ISO 17523:2016 is constrained to the content of the electronic prescription itself, the digital document which is issued by a prescribing healthcare professional and received by a dispensing healthcare professional. The prescribed medicinal product is to be dispensed through an authorized healthcare professional with the aim of being administered to a human patient. Other messages, roles and scenarios (e.g. validation of a prescription, administration, medication charts, EHR of the patient, reimbursement of care and dispensed products) are out of scope of this International Standard, because they are more or less country or region specific, due to differences in culture and in legislation of healthcare. However, requirements and content of electronic prescriptions within the context of jurisdictions have a relationship with these scenarios. The way in which electronic prescriptions are made available or exchanged also fall outside the scope of this International Standard.
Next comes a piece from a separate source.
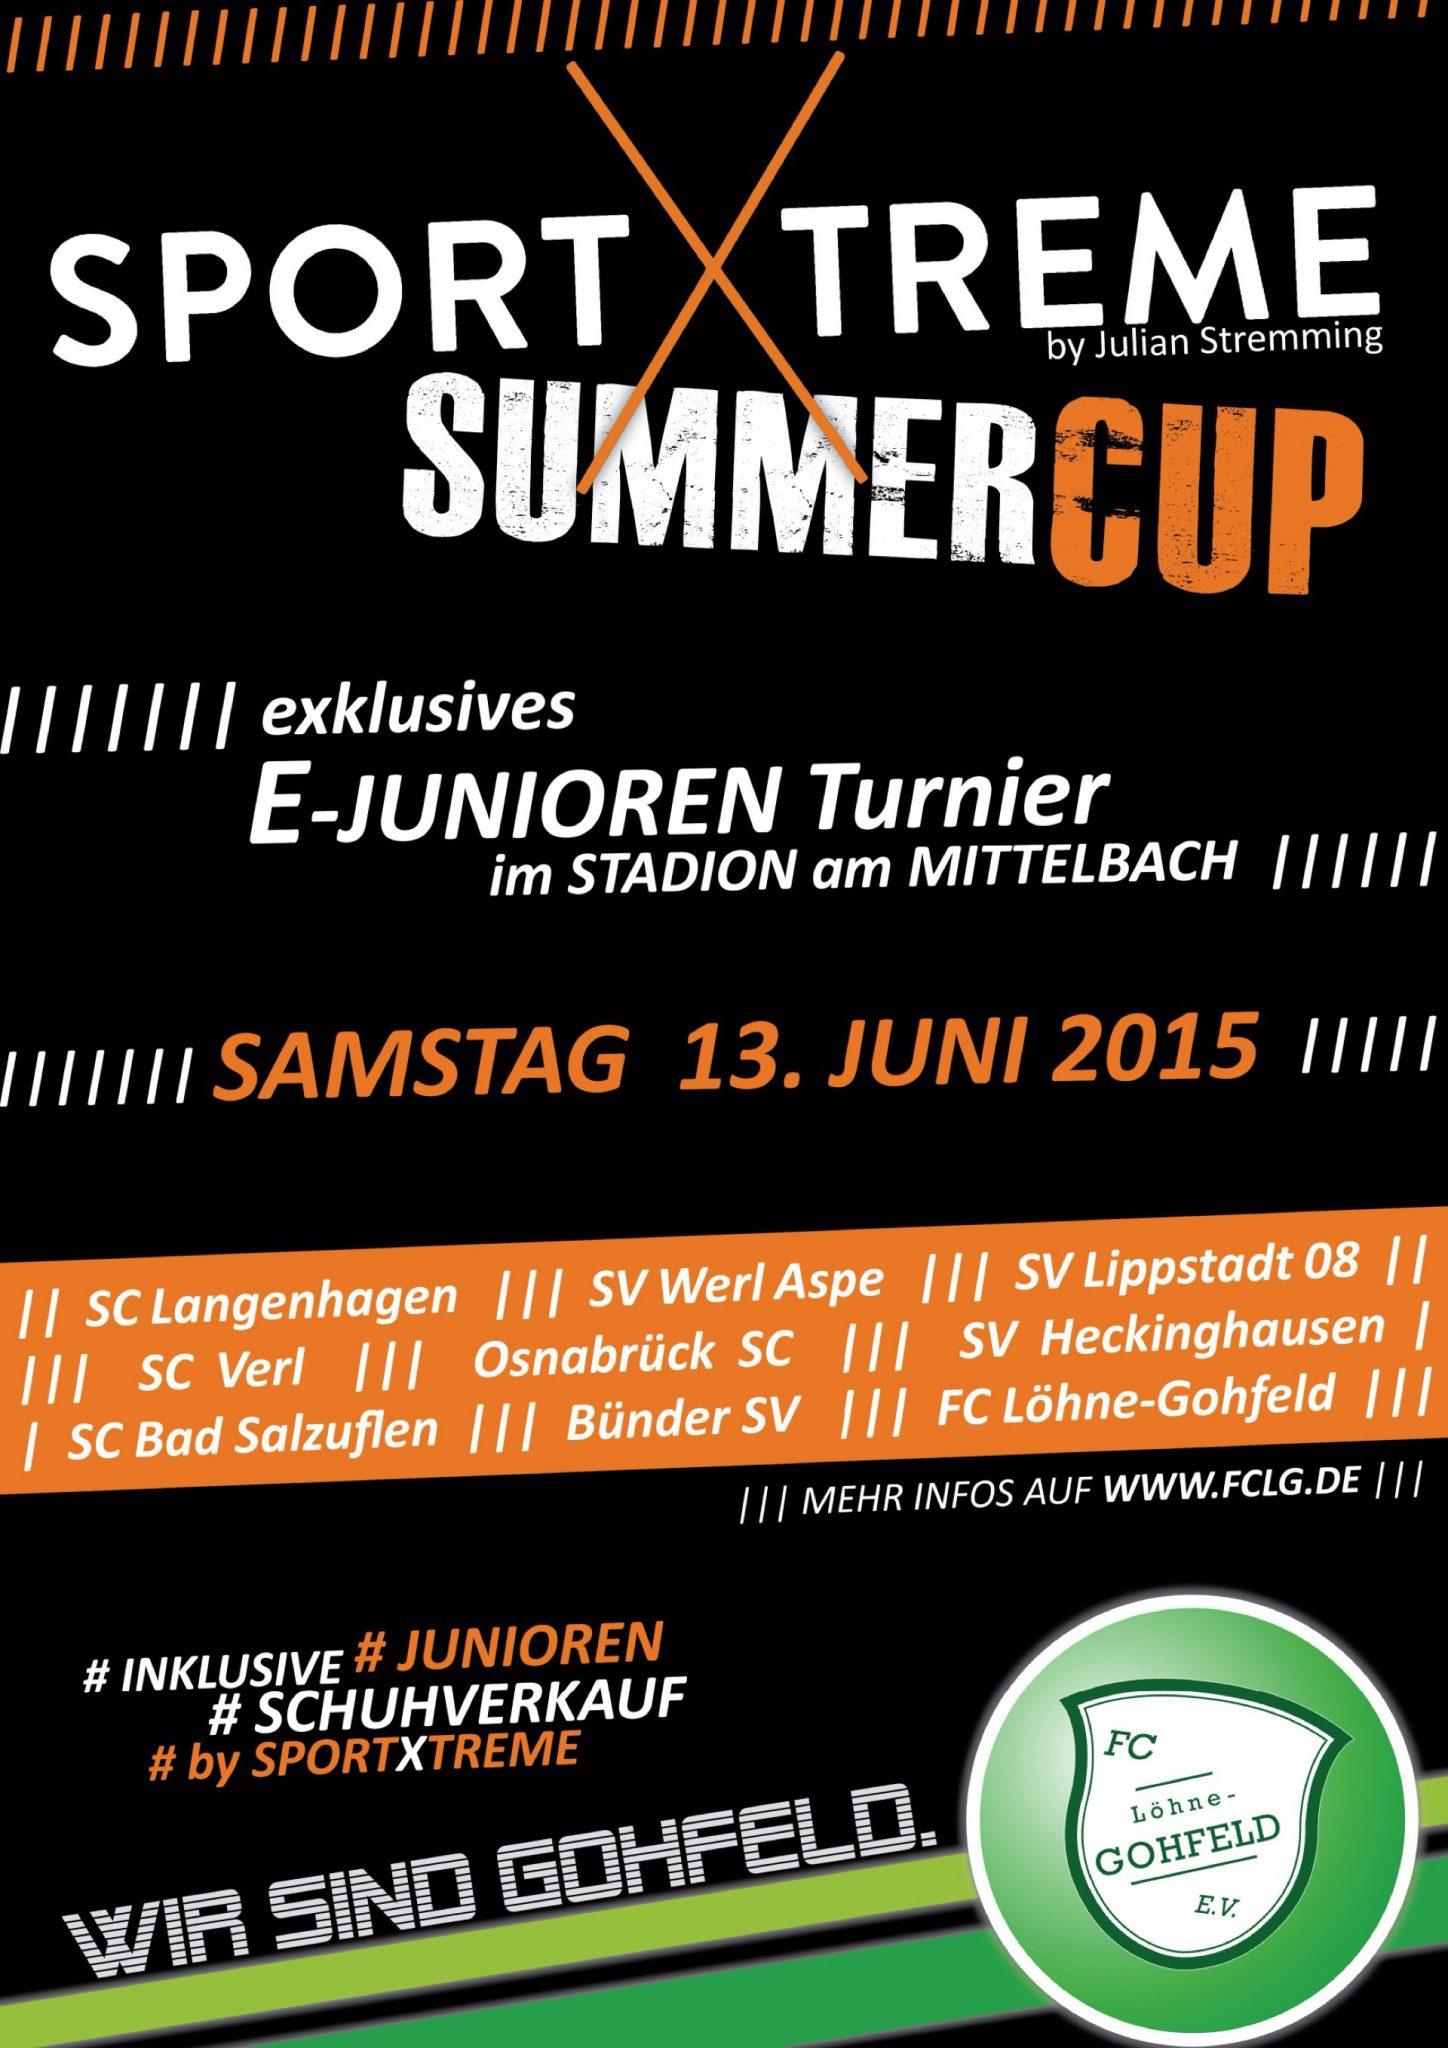 SportXtreme SummerCup
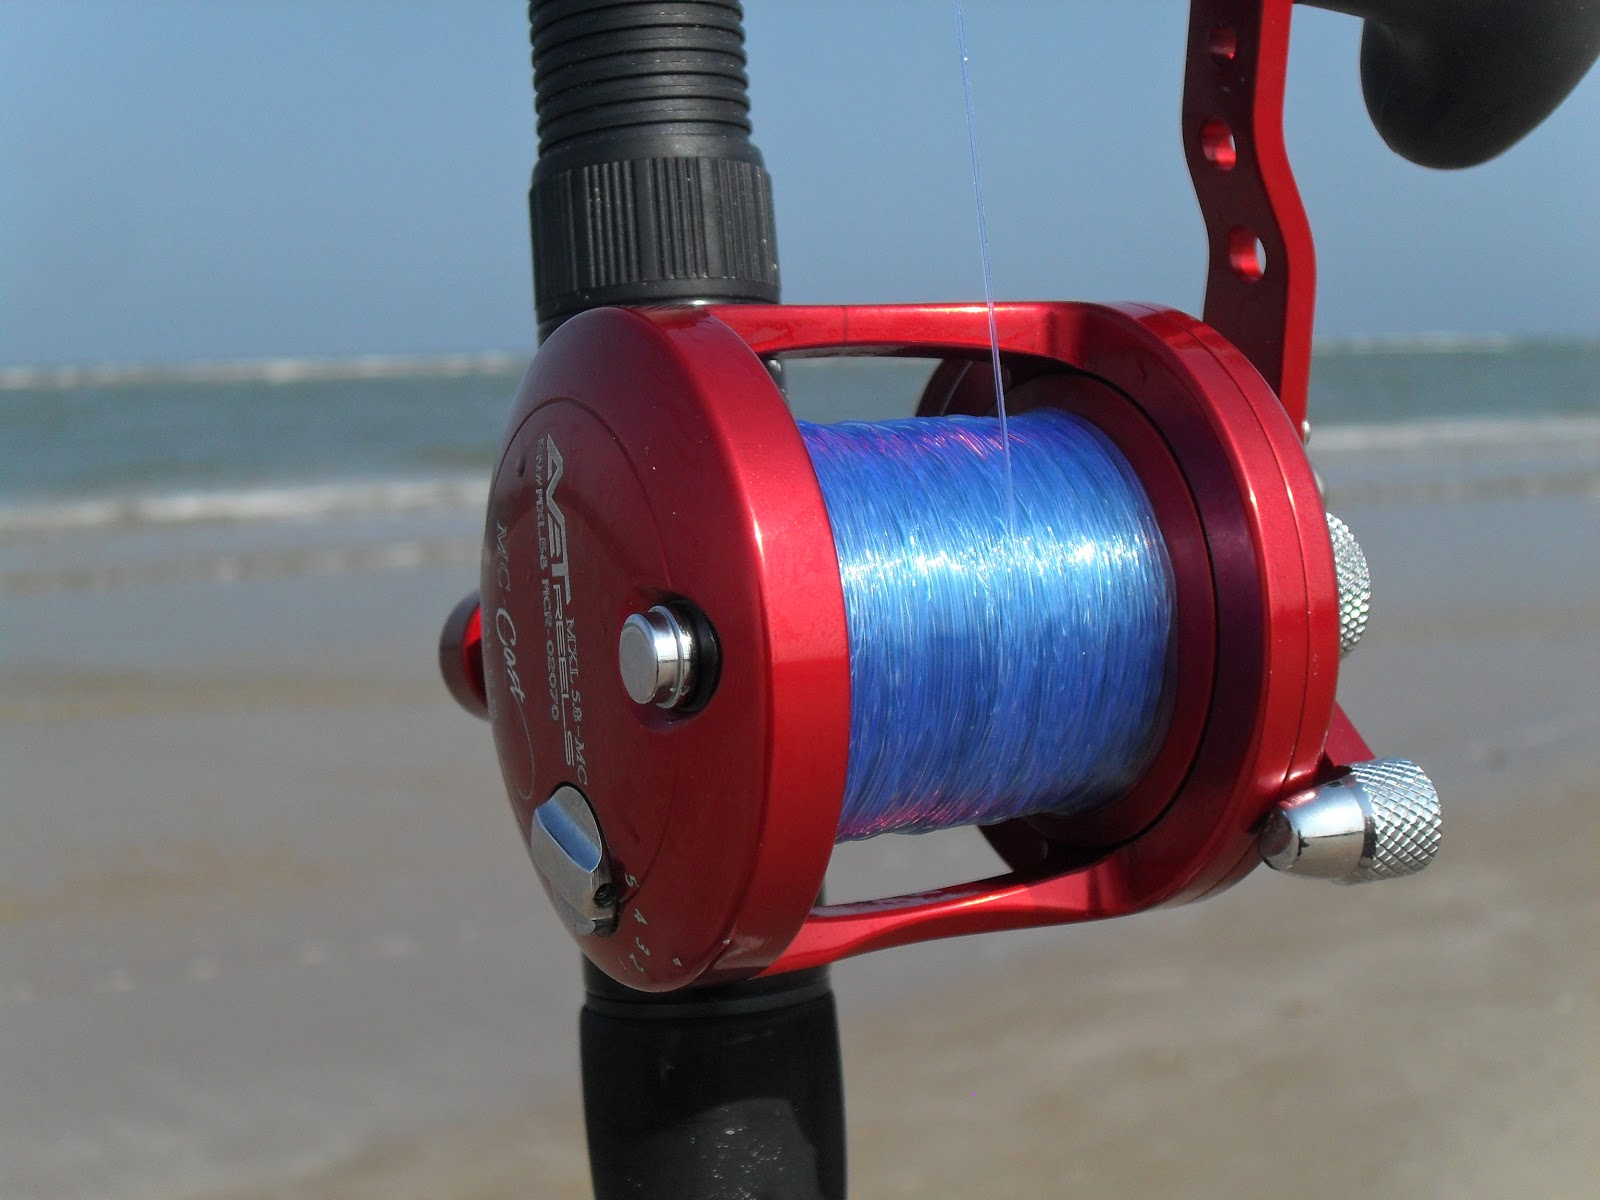 Team Shade Hats Fishing: The Gear

ISO 17523:2016 is applicable to electronic prescriptions of medicinal products. Although other kinds of products (e.g. medical devices, wound care products) can be ordered by means of an electronic prescription, the requirements in this International Standard are aimed at medicinal products that have a market authorization and at pharmaceutical preparations which are compounded in a pharmacy. An electronic prescription is an information object that authorizes a healthcare professional to legally dispense a medicinal product.

ISO 17523:2016 specifies a list of data elements that can be considered as essential for electronic prescriptions, depending on jurisdiction or clinical setting (primary healthcare, hospital, etc.).